### Information

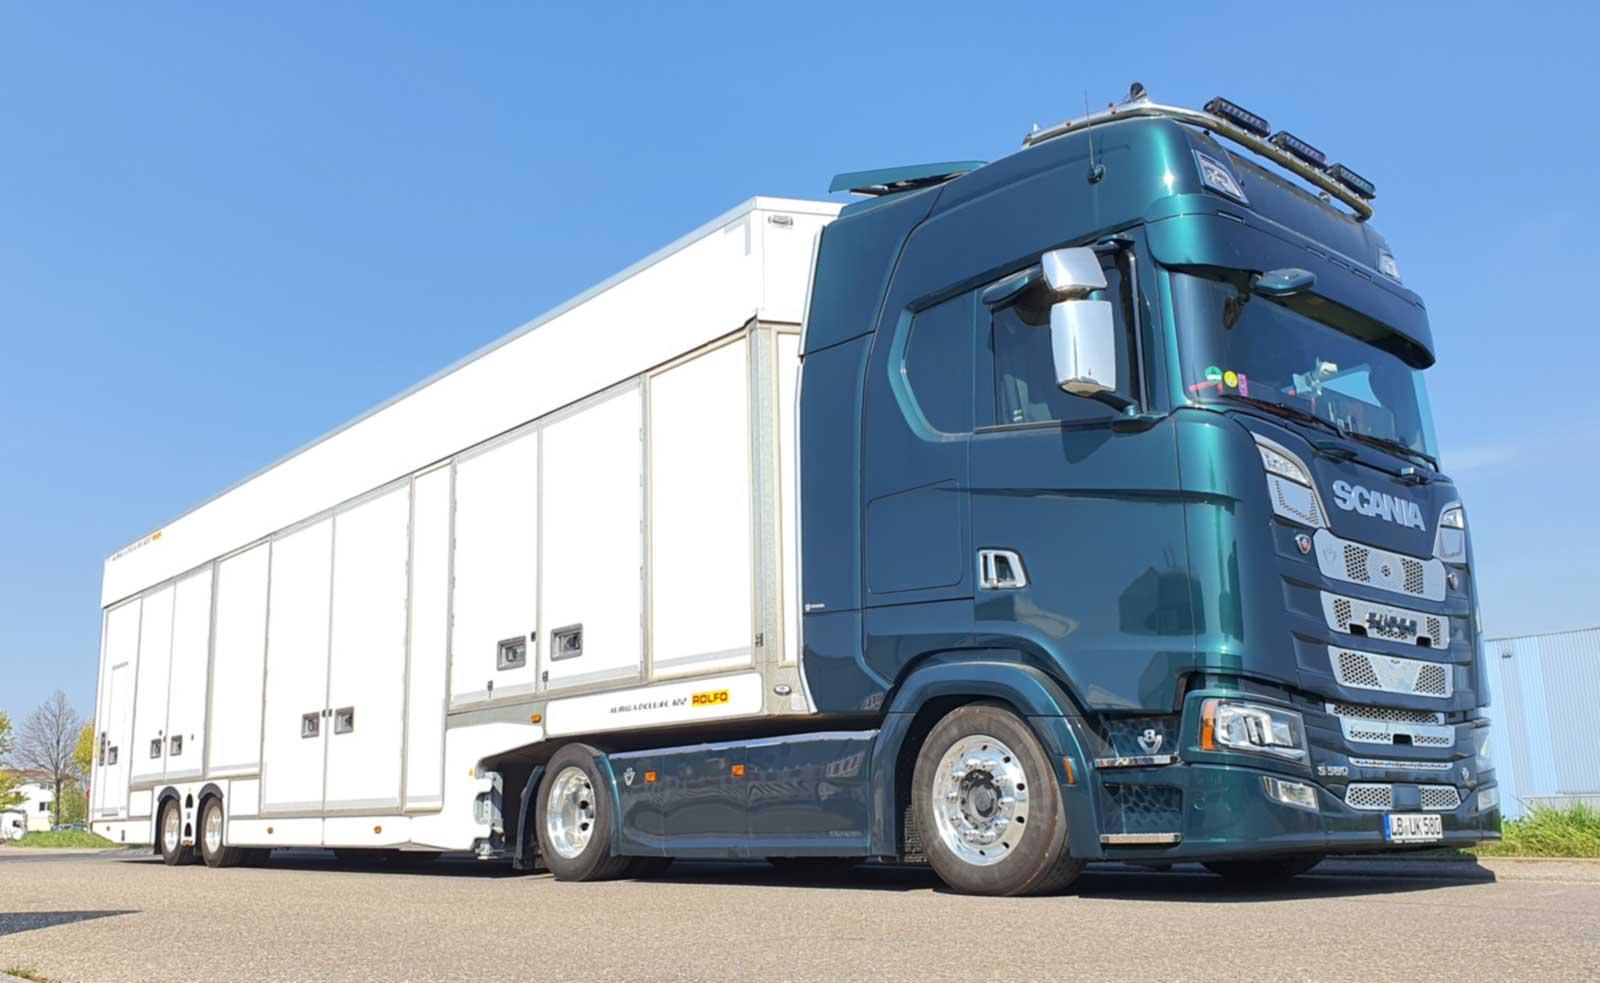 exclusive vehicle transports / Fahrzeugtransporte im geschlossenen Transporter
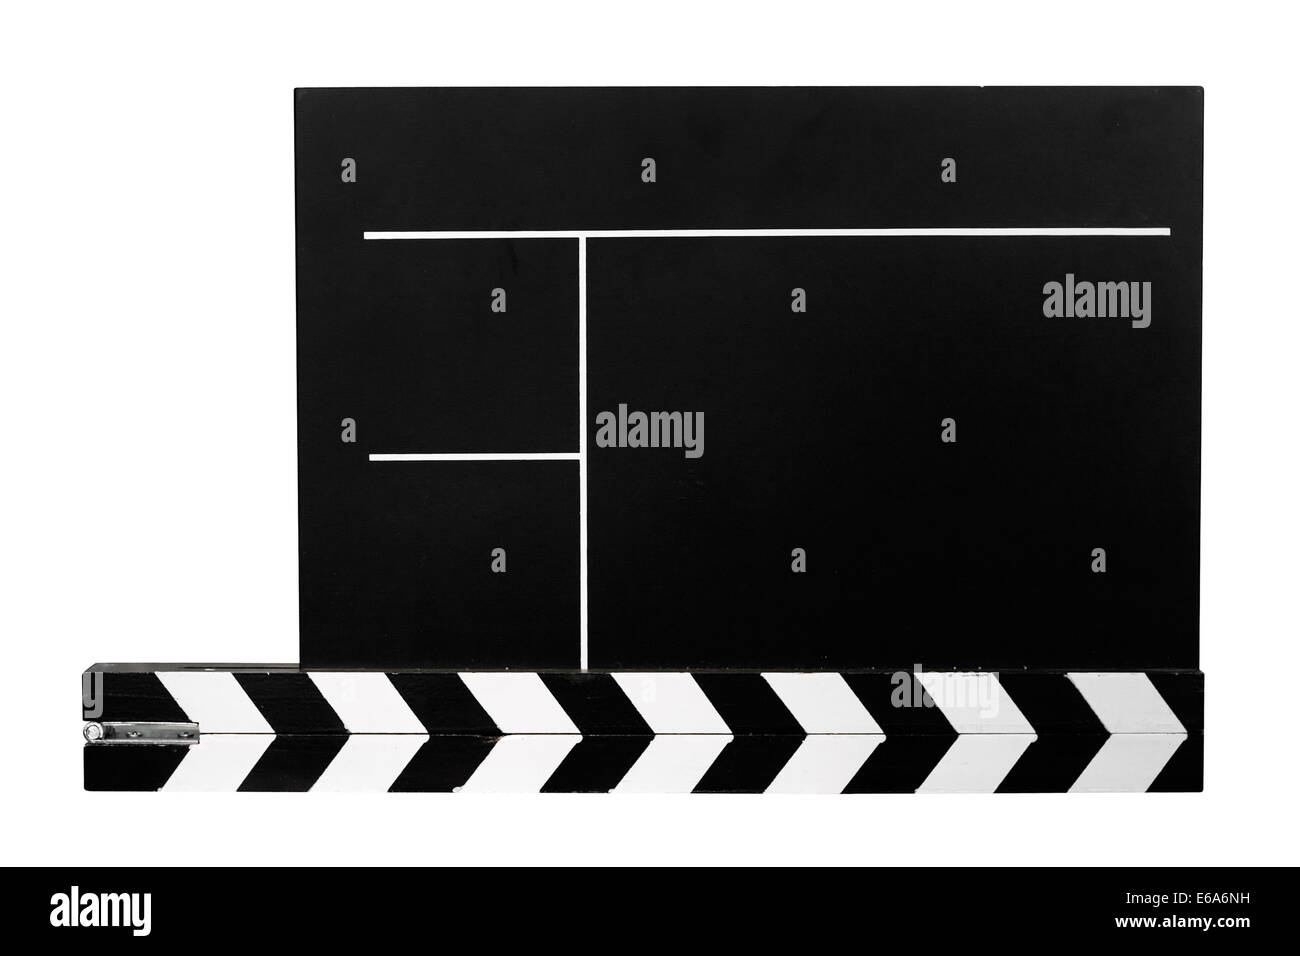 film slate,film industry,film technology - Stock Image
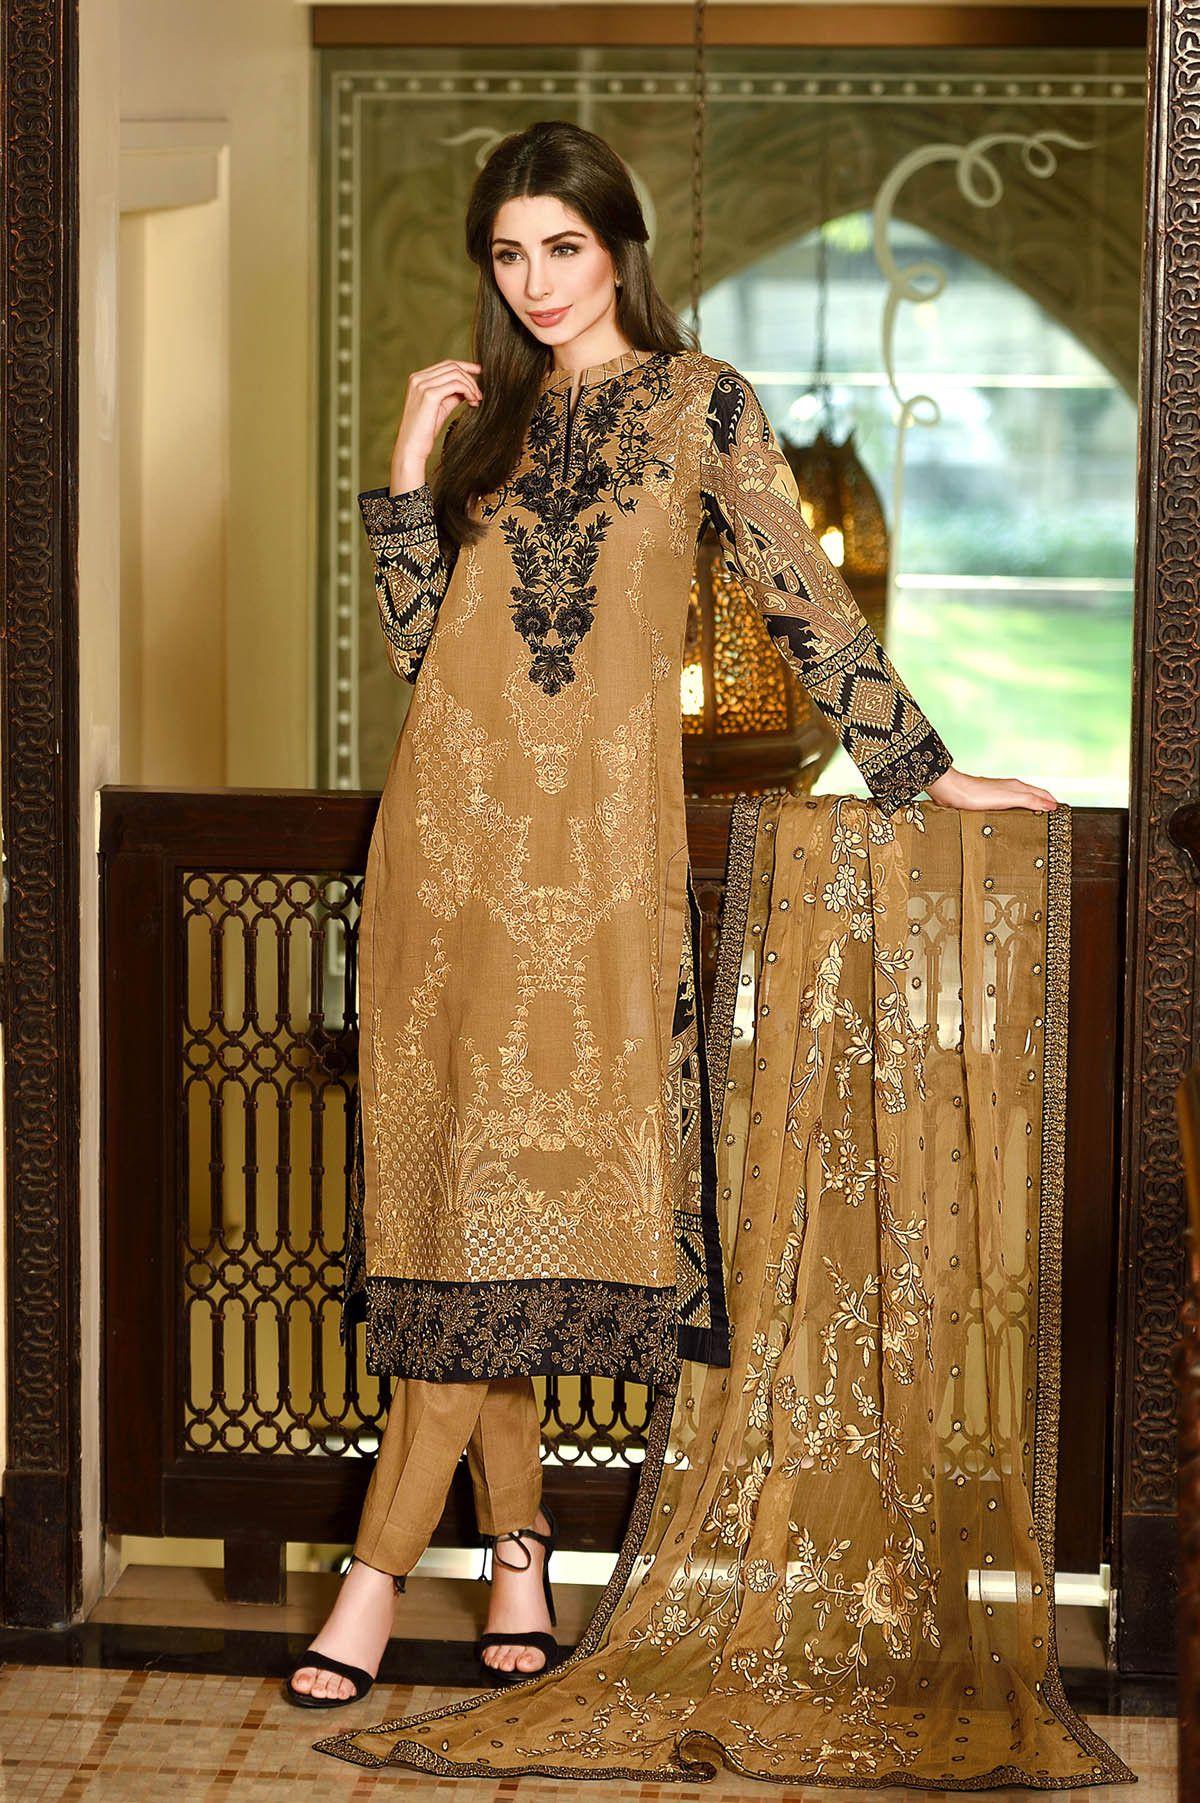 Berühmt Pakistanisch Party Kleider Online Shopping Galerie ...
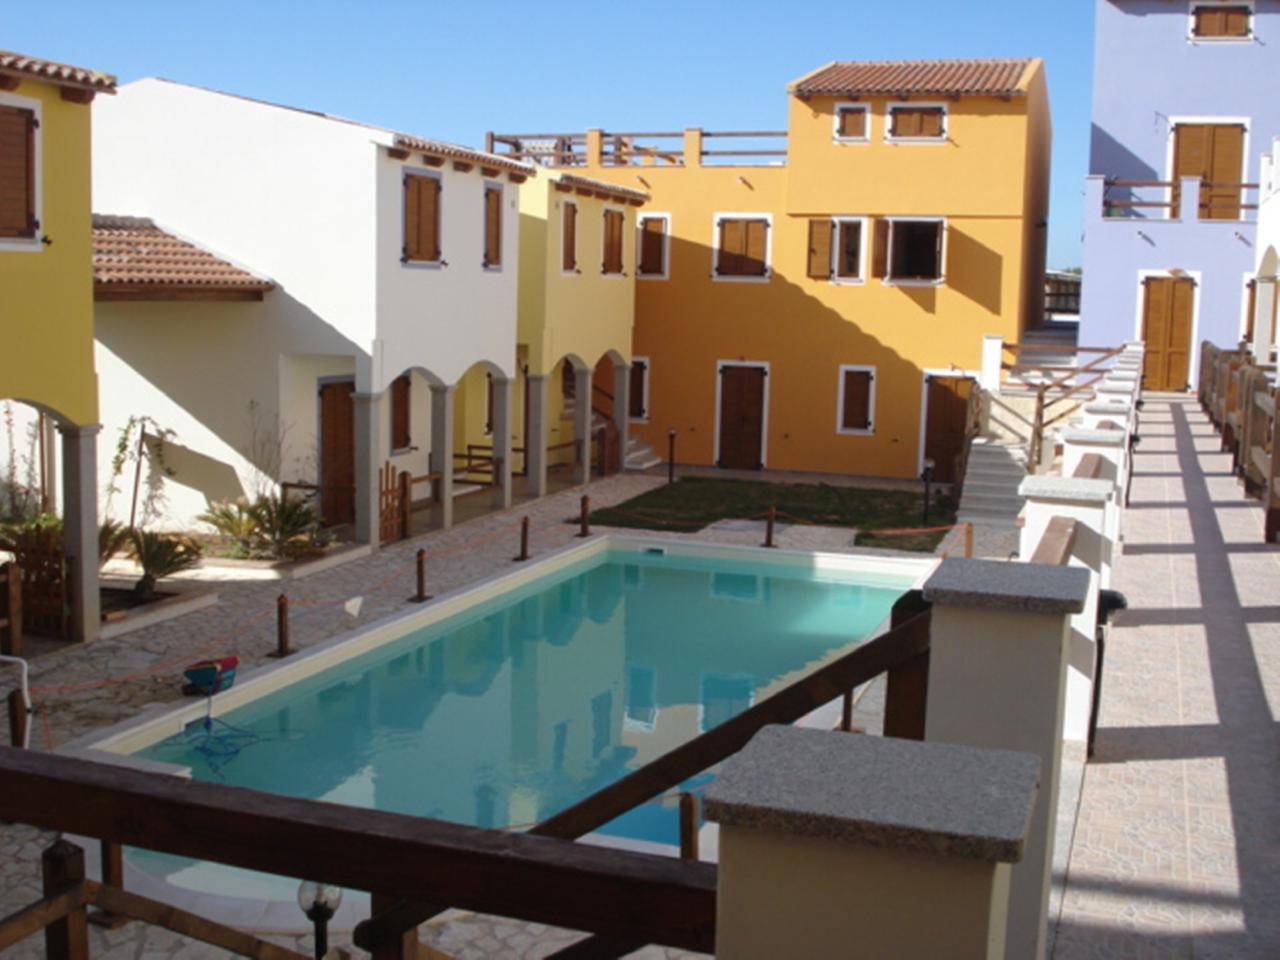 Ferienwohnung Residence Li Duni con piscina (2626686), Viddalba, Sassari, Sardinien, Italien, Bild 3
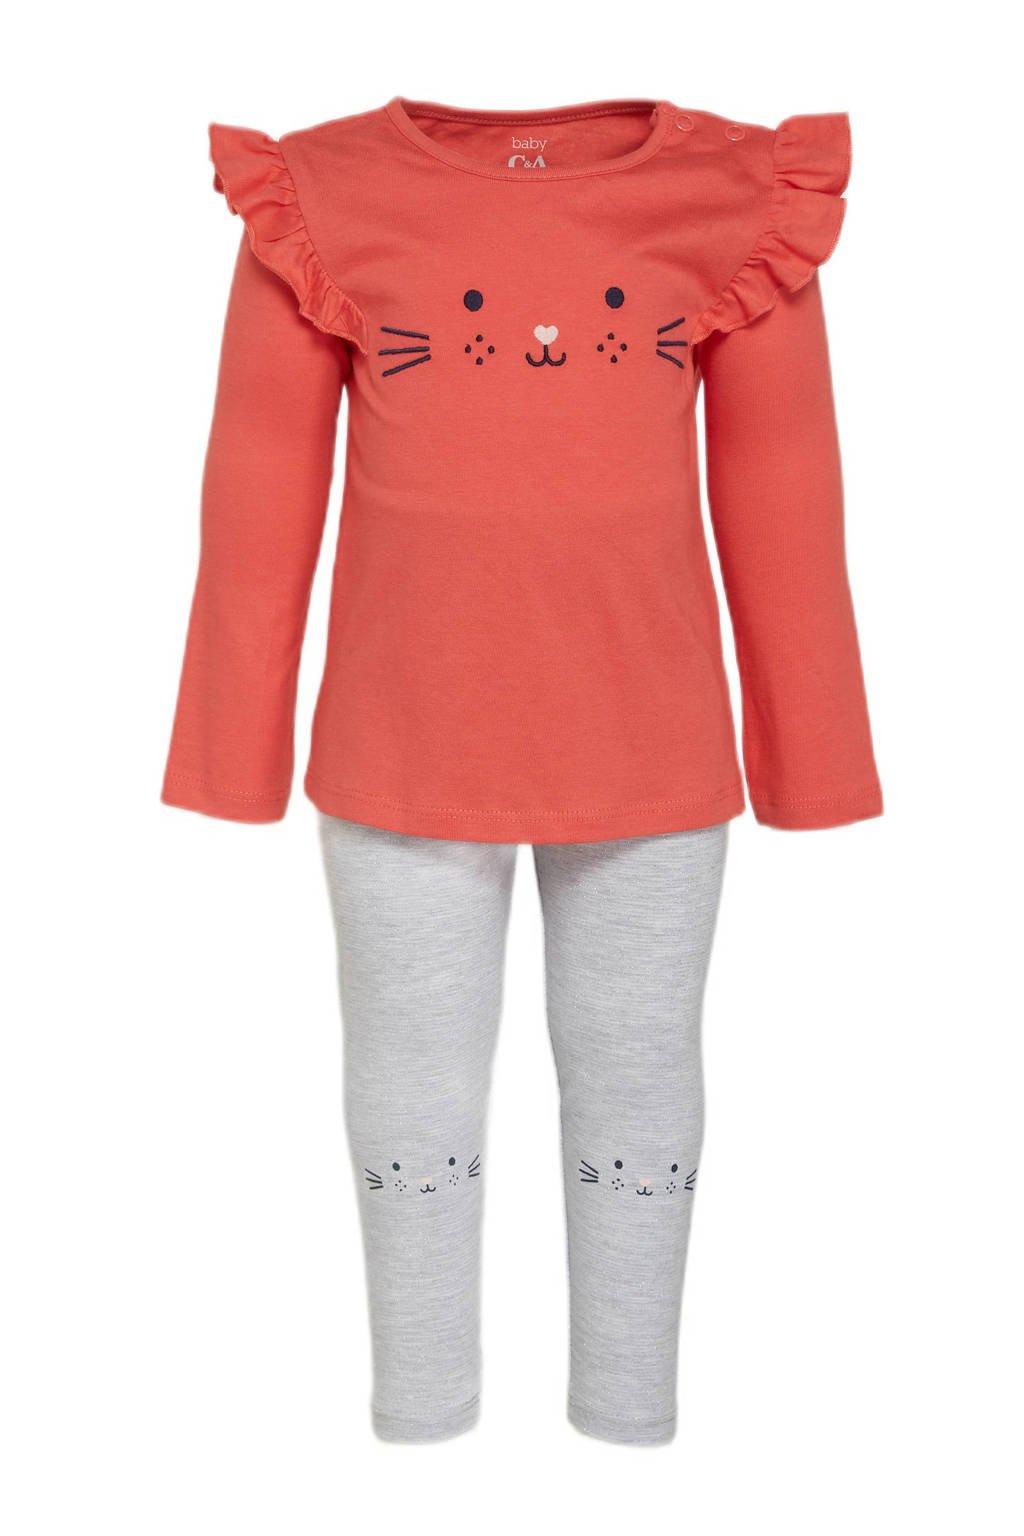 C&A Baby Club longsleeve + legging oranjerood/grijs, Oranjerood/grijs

######

# What the exercise asks
Repeat each line of the records exactly, dropping the pictures.

# Response to this exercise
 exclusive vehicle transports / Fahrzeugtransporte im geschlossenen Transporter
 film slate,film industry,film technology - Stock Image
 Berühmt Pakistanisch Party Kleider Online Shopping Galerie ...
 Ferienwohnung Residence Li Duni con piscina (2626686), Viddalba, Sassari, Sardinien, Italien, Bild 3
 C&A Baby Club longsleeve + legging oranjerood/grijs, Oranjerood/grijs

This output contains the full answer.